The trustee alleges in his third cause of action that the Transfer of the Interest constitutes a preference under § 547(b) and, thus, may be avoided. The trustee, however, abandoned this cause of action at trial. The defendants thereupon requested judgment on this claim. The defendants' request, being unopposed, was, and hereby is, granted by the Court.

2. 11 U.S.C. § 548 Fraudulent Transfer

The trustee's fourth cause of action alleges that the debtor received less than "a reasonable, equivalent value in exchange for said transfers and was insolvent on the date of such transfers." The Court presumes that the trustee's claim is a fraudulent transfer claim premised on § 548(a)(2), although this is not clear.

A § 548(a)(2) claim requires the trustee to prove that the debtor received less than a reasonably equivalent value in exchange for a transfer and that the debtor either was insolvent on the date of the transfer or became insolvent as a result of the transfer. 11 U.S.C. § 548(a)(2)(A) & (B). As the defendants have conceded that the debtor was insolvent on the date of the Transfer, the only issue is whether the debtor received less than a reasonably equivalent value in exchange for the Transfer. Transcript at 10.

To sustain his burden in attempting to prove that the debtor received less than a reasonably equivalent value in exchange for the Transfer, the trustee must do two things. First, the trustee must establish that the debtor, and not a third party, received the value of the transfer. See Klein v. Tabatchnick, 418 F.Supp. 1368, 1371 (S.D.N.Y.1976), aff'd in part, 610 F.2d 1043 (2d Cir.1979); Vadnais Lumber Supply, Inc. v. Byrne (In re Vadnais Lumber Supply), 100 B.R. 127, 136 (Bankr.D.Mass. 1989); Ohio Corrugating Co. v. Security Pacific Business Credit, Inc. (Matter of Ohio Corrugating Co.), 70 B.R. 920, 926-27 (Bankr.N.D.Ohio 1987). Second, the value received must pass a measurement test; all aspects of the transaction must be measured in order to determine the value of all the benefits and burdens to the debtor. Vadnais Lumber, 100 B.R. at 136 (citing Rubin v. Mfr. Hanover Trust Co., 661 F.2d 979 (2d Cir.1981)).

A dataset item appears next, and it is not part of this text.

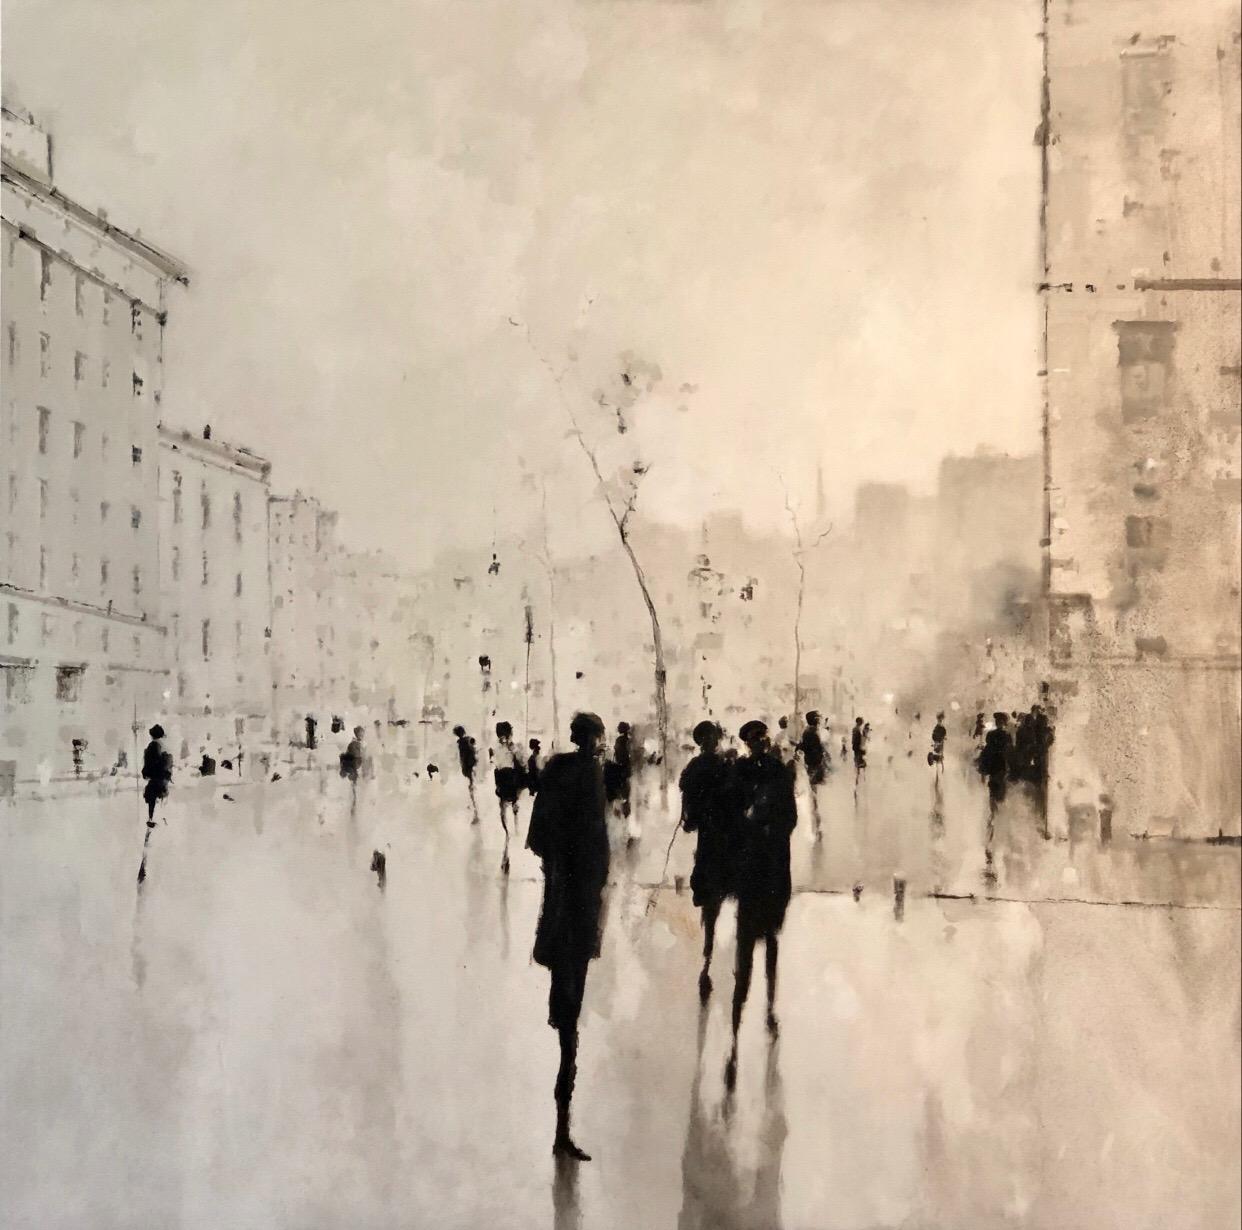 City Corner, 2019

In support of their oral motion for an involuntary dismissal, the defendants assert that the trustee has failed to meet this burden of proof. Specifically, the defendants assert that the trustee has failed to demonstrate an absence of fair consideration. The defendants maintain that the trustee presented no evidence establishing the value of the Interest that actually was transferred by the debtor to his wife. According to the defendants, the record, at the conclusion of the trustee's case, contained only a stipulation as to the...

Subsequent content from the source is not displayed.